Todos los niños aceptaron entusiasmados el juego. A toda carrera, volvieron a sus casas para traer objetos “que se usan en el mar” y jugar con ellos. Después de veinte minutos, llegaron al mismo lugar cargados de cartones, maderas, zapatos viejos, hilos, palos y todo lo que pudiese caber en sus flacos brazos y comenzó el juego.

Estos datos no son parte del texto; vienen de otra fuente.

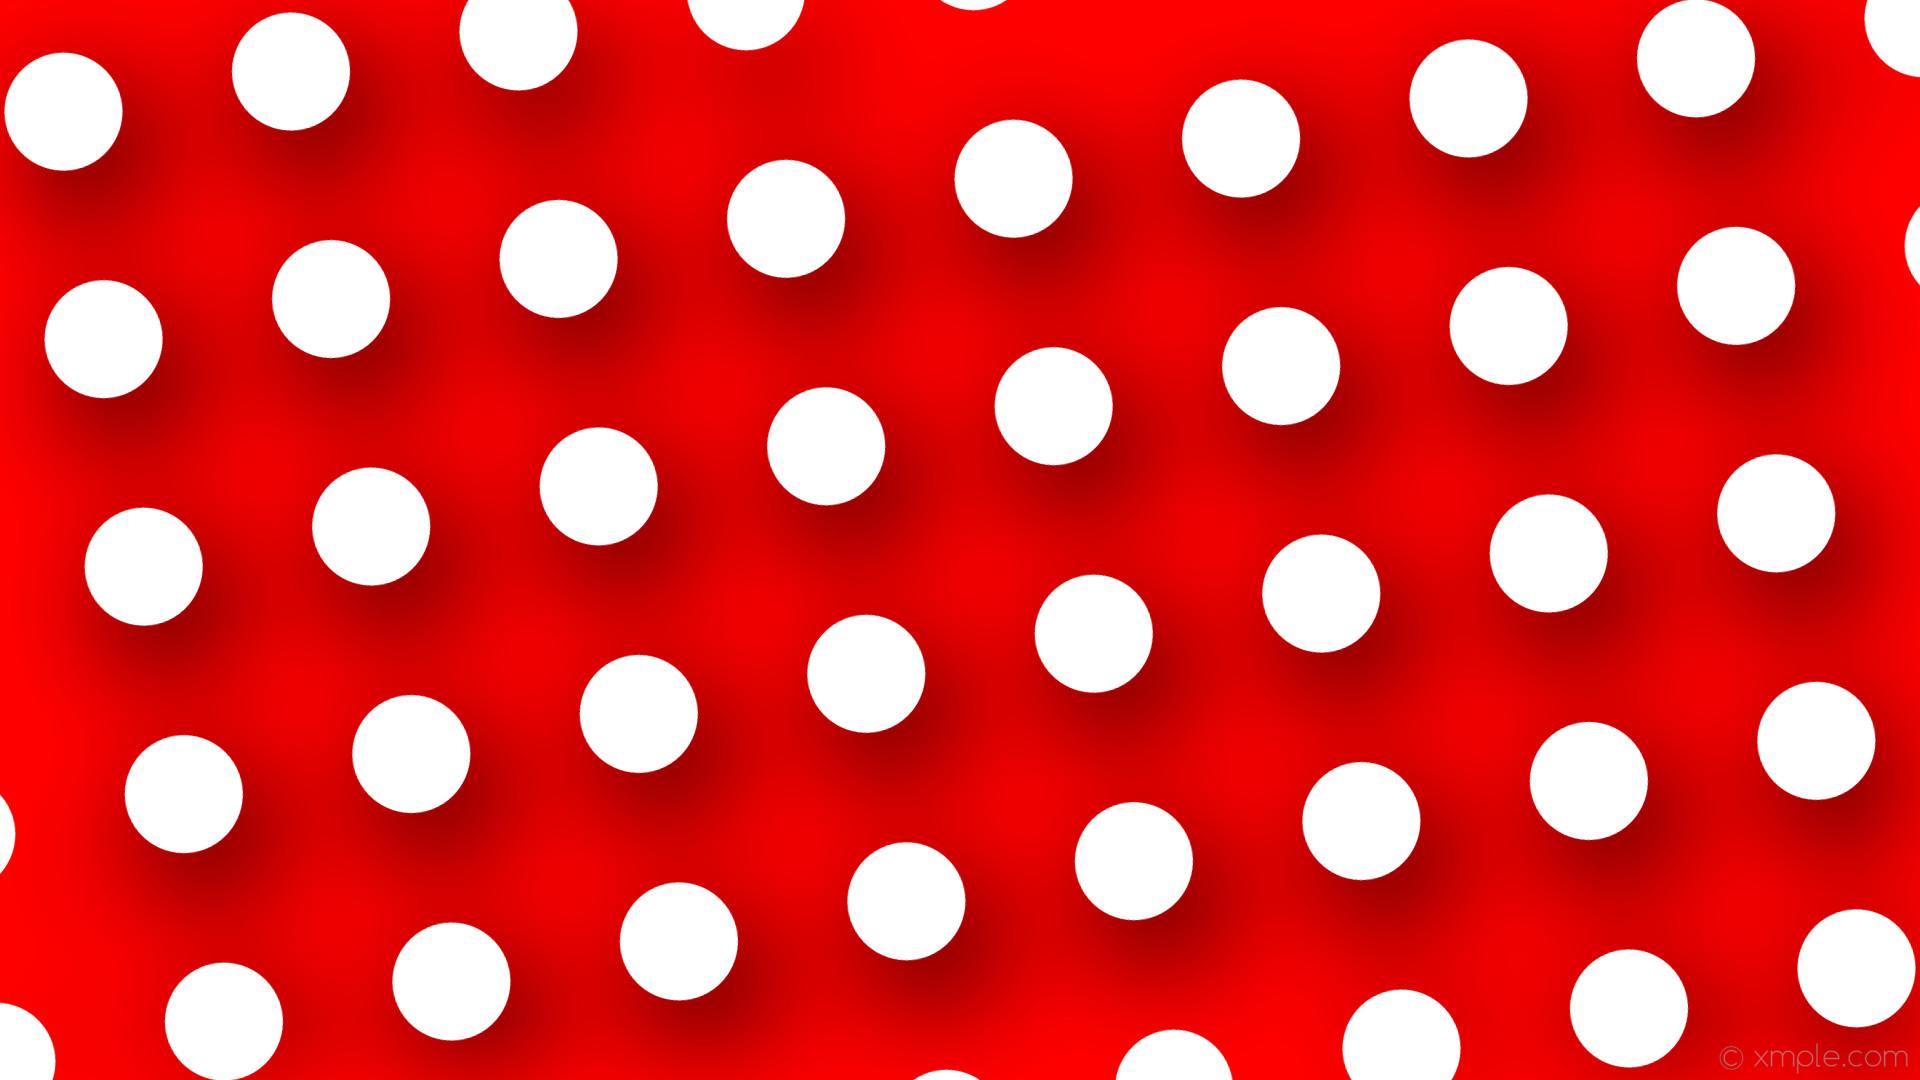 Wallpaper red white dots drop shadow polka #ff0000 #ffffff .
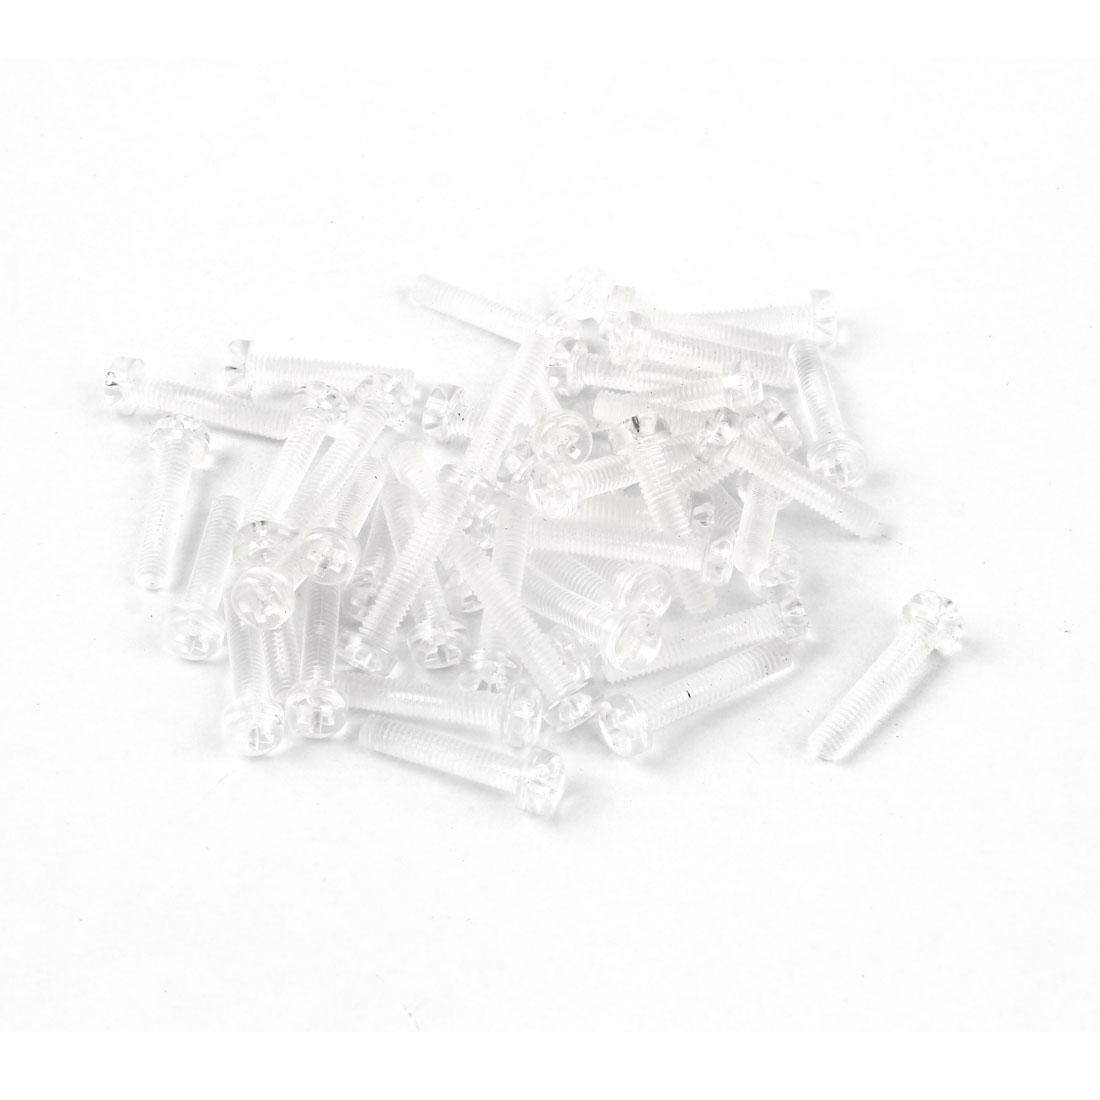 M4 x 20mm Clear Polycarbonate Phillips Round Head Machine Screws 50pcs

Matías dobló sus cartones e improvisó una barca. Usando un saco roto que encontró en la basura, fingió ser el capitán de su solitario barco. Por otro lado, la chiquilla despeinada lanzaba hilos a los montículos de arena intentando pescar algunos de los peces que se deslizaban por la superficie, estos “peces-zapato” eran lanzados desde arriba de alguna pendiente y, al deslizarse, parecían cobrar vida como los peces de verdad. Con la imaginación que da la infancia, sintieron el pasar de la brisa y hasta creyeron oír gaviotas. Nadie le prestaba atención a la realidad, todos se enfocaron en que el agua ahora era dorada. Las olas de arena iban y venían trayendo nuevos “peces-zapato”, empujando la barca de Matías y asustando a los dos “bañistas” que nadaban con el perro. Hasta “Ruffus” entró en conexión con el juego de los niños pues se estiraba en la arena y se arrastraba, como si el agua lo llevase e intentase hacer resistencia. Pronto el calor fue ignorado, frescos chapuzones de arena devolvían las ganas de seguir jugando. Se lanzaron de las dunas gritando “Viene la ola”” y una orgullosa niña recolectaba sus pescados en un balde roto. Lanzaban palos, simulando arpones, a ballenas de plástico mientras otros se lanzaban encima diciendo “te atrapé” y gritaba a sus demás compañeros acerca de su proeza. Algún bromista gritaba “viene la ola” y deslizaba una gran cantidad de arena encima de algún desafortunado “pescador” que disfrutaba el relajo de una tarde frente al mar. Caía la tarde y la alegría rebasaba ya que pronto encontraron más “peces-zapato”, más barcas y más olas en aquel arenal…



Epílogo



El titilar de las velas desdibujaban las sombras de aquel silencioso cuarto. Solo se oía uno que otro “sentido pésame” y “lo siento mucho” entre el pequeño grupo vestido de negro. Por momentos, algún llanto rompía el silencio, y era inmediatamente socorrido con abrazos y palabras de aliento.

Seis pequeños féretros reposaban encima de las mesas de madera del comedor. Eran sencillos como sencillas eran las familias que hicieron hasta lo imposible por comprarlos. No había ceremonia ni arreglos, solo algo de café y lágrimas. Encima de una de las mesas, donde estaban las tazas de café había un periódico, su titular rezaba:

“Se encontraron los cuerpos de seis niños, que murieron ahogados, esta madrugada en la Playa San Pedro”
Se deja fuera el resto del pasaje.